The original recipe makes literally 100, 4” cookies. It's called “One hundred four-inch cookies” but this one is cut in half for a more reasonable 4 dozen large cookies. You can always make them smaller if that works better for you.
These are generally known as "Monster Cookies," but you could also think of them as "kitchen sink cookies" because you can truly throw in whatever ya got lying around. Pick your nut butter, pick your candy, pick your nuts.
This is also a very allergy-friendly recipe. If you're dairy-free, use coconut oil. There's no flour at all in this one, so as long as your oats are certified gluten-free (if necessary) you're good there. Nut allergies? Just use sunbutter and make sure your mix-ins are safe.
If your dough seems a little dry (I have been told this a couple times but not experienced it myself…) this could be just the differences in nut butters, and you can add another egg or more peanut butter to help it be more moist. Especially if you are using a natural nut butter, they are often runnier so that can easily change the texture.
These freeze super well so that you will always have cookies on hand when the craving hits.
Gluten-Free Monster Cookies
Ingredients
- 1 cup melted butter, coconut oil, or olive oil
- 3 ½ cups peanut butter, almond butter, or sunflower seed butter
- 1 cup honey
- 7 large eggs
- 5 teaspoons baking soda
- 9 cups rolled oats
- 4 cups mixed chocolate, nuts, and dried fruit
Instructions
- Preheat over to 350F.
- Mix butter, peanut butter, honey, eggs, and baking soda together. Add in rolled oats and mixed chocolate/nuts of choice. Let sit for 15 minutes for the oats to soak up some moisture.
- Scoop ¼ cup scoops on parchment lined or greased sheets. It will make 4 pans full, but I do it in 2 rounds. Flatten with a fork or your hand, and bake 8-10 minutes, until just starting to brown.
- Let cool 10 minutes before you take off the pan and move to a rack, or leave on the pan to cool all the way if you have the pan space.
Notes
- These freeze so well, and I love having a container stashed in the freezer to pull out for a filling snack!

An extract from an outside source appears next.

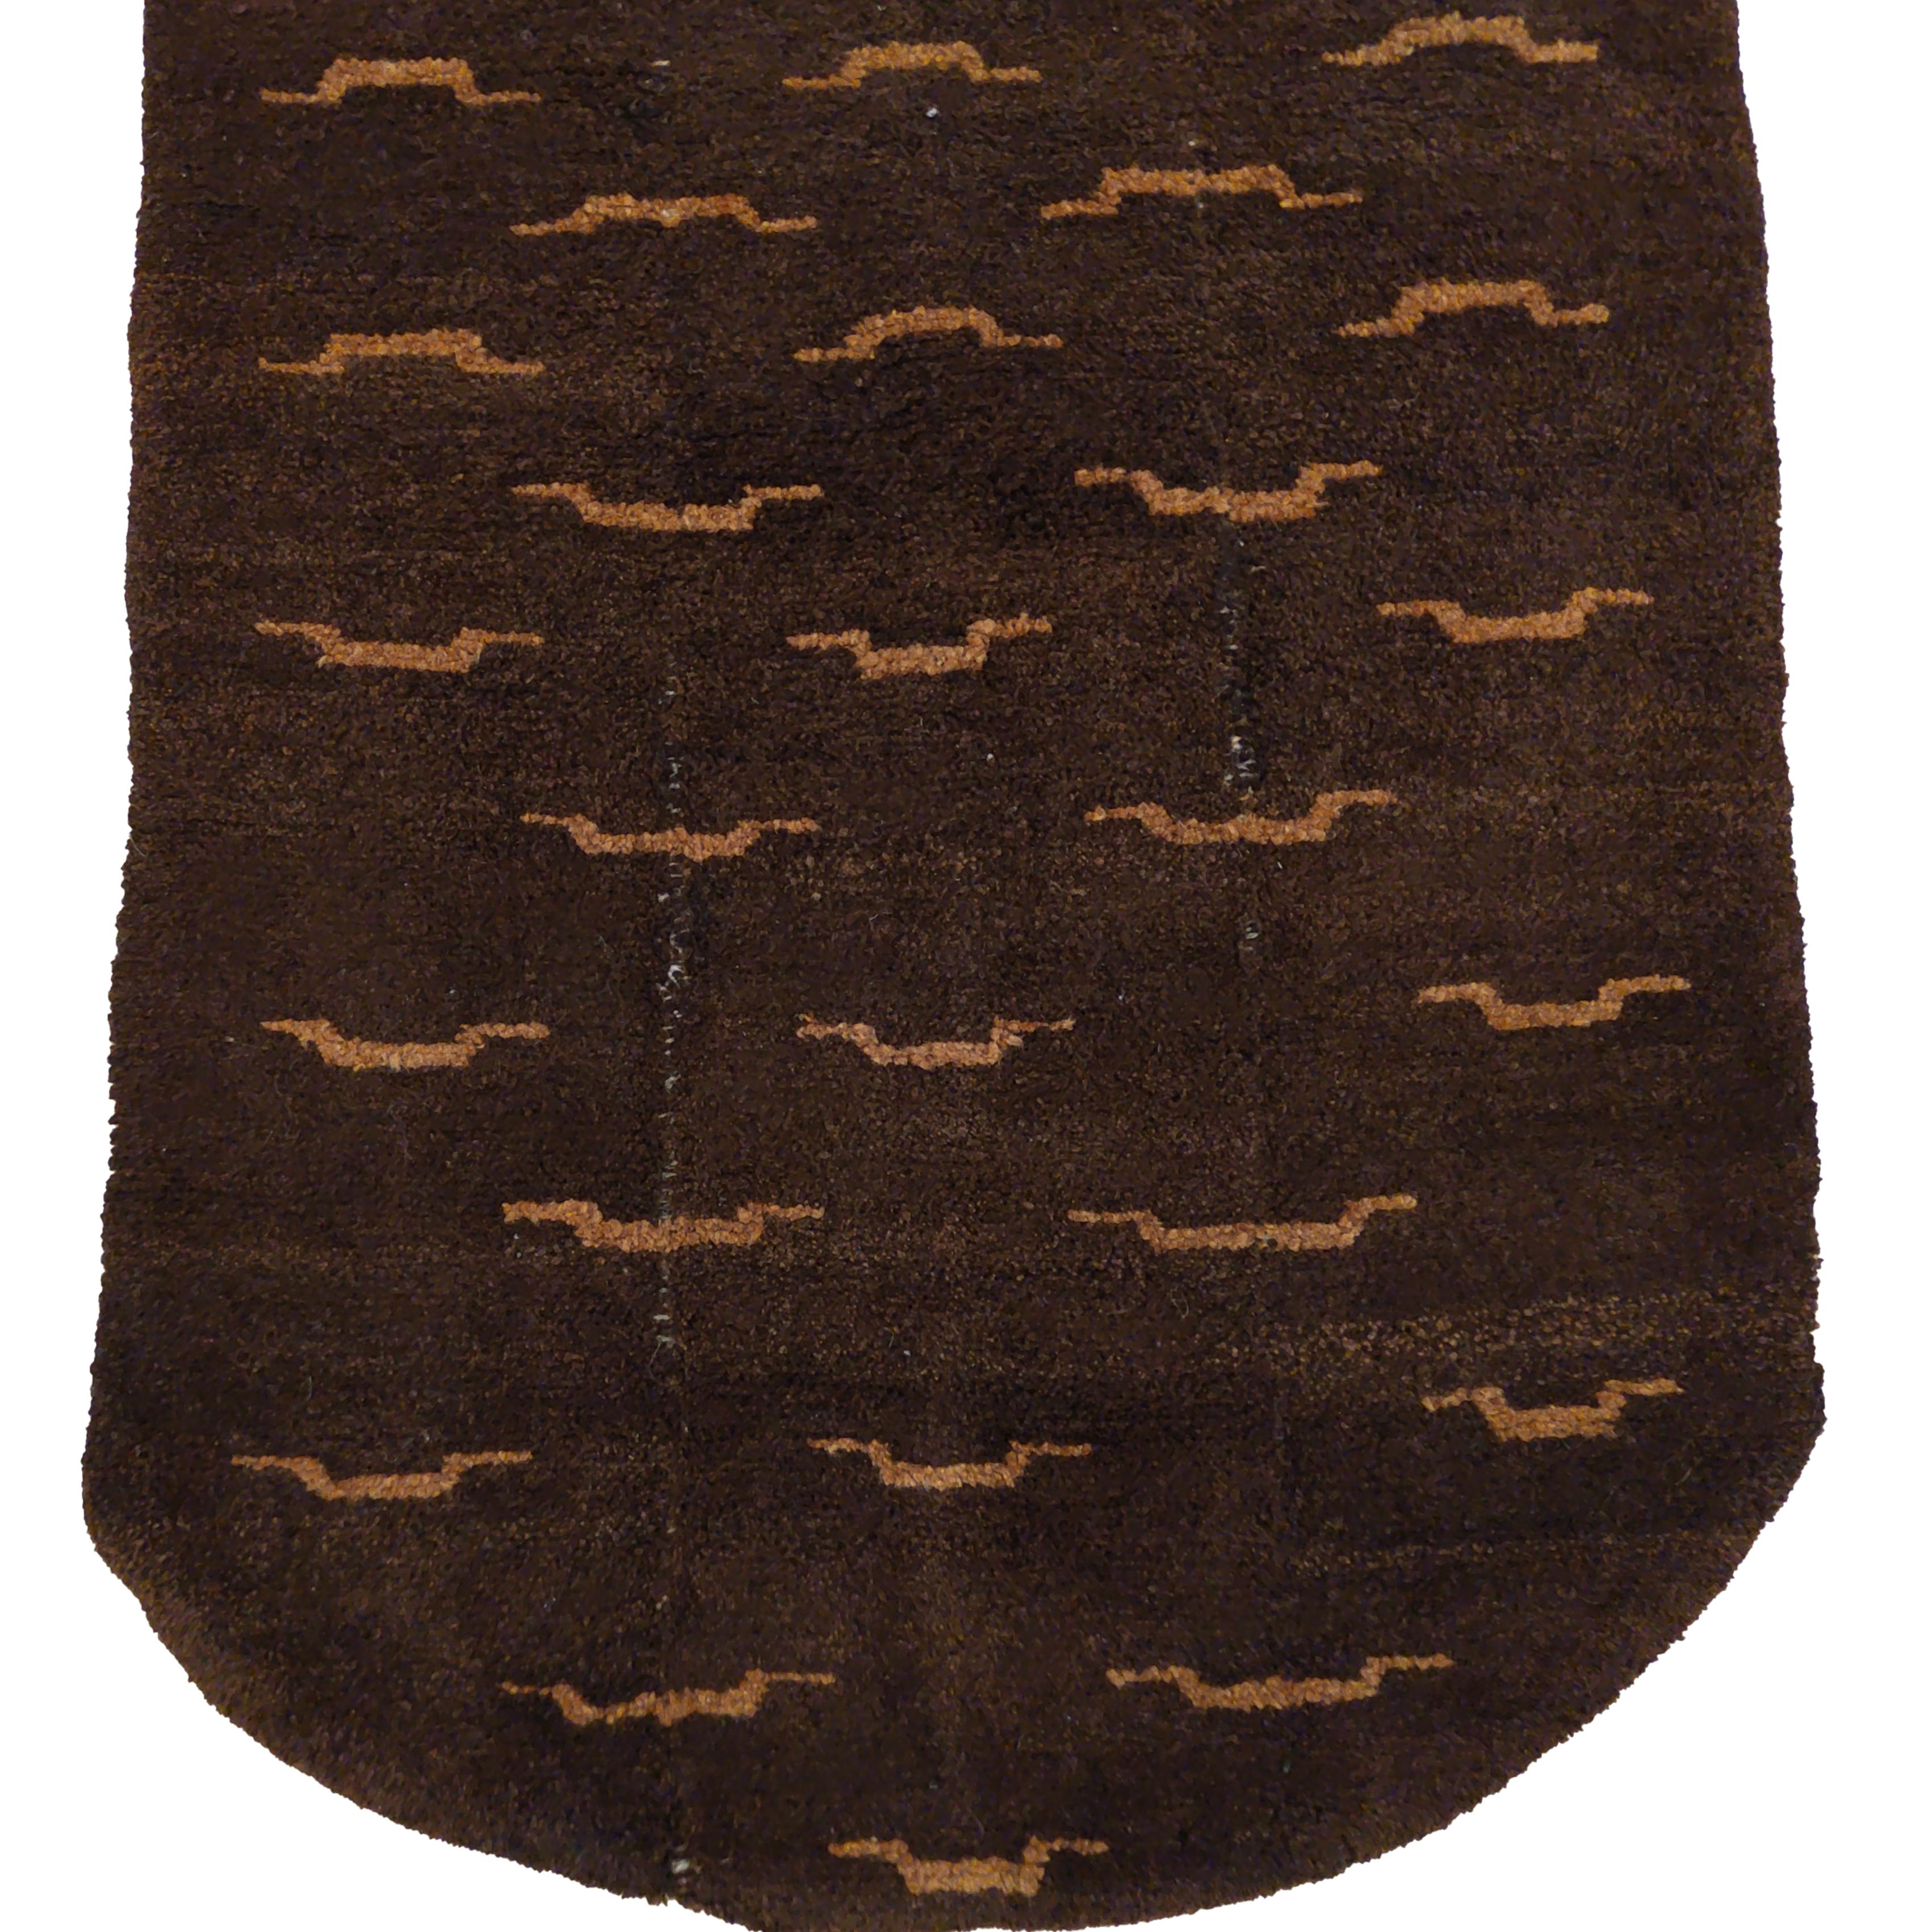 Tsukdruk-Teppiche sind wahrscheinlich die repräsentativsten Beispiele der tibetischen Nomadenwebetradition. Sie sind aus lanolinreicher Hochlandwolle gewebt und werden in schmalen Streifen auf Rückengurtwebstühlen hergestellt. Sie sind Teil der

- If you've never baked with sunflower seed butter, be aware that it has a tendency to turn baked goods green. Baking soda usually counteracts that so these should be ok, but I felt I had to warn you.
Wendy
I made a multigrain soda bread once, it had lovely dark green spots in it. It was odd to eat something like that.
Wendy
Thsee are really good, I added an extra egg as the dough was a bit dry. I used dried cranberries, sunflower seeds, almonds and chocolate chips.
Lesley
This recipe was excellent! I was a bit skeptical, but they turned out perfectly. I love how healthy and verstile the recipe is. I used peanut butter with raisins, chocolate chunks and salted peanuts. I also added salt and vanilla.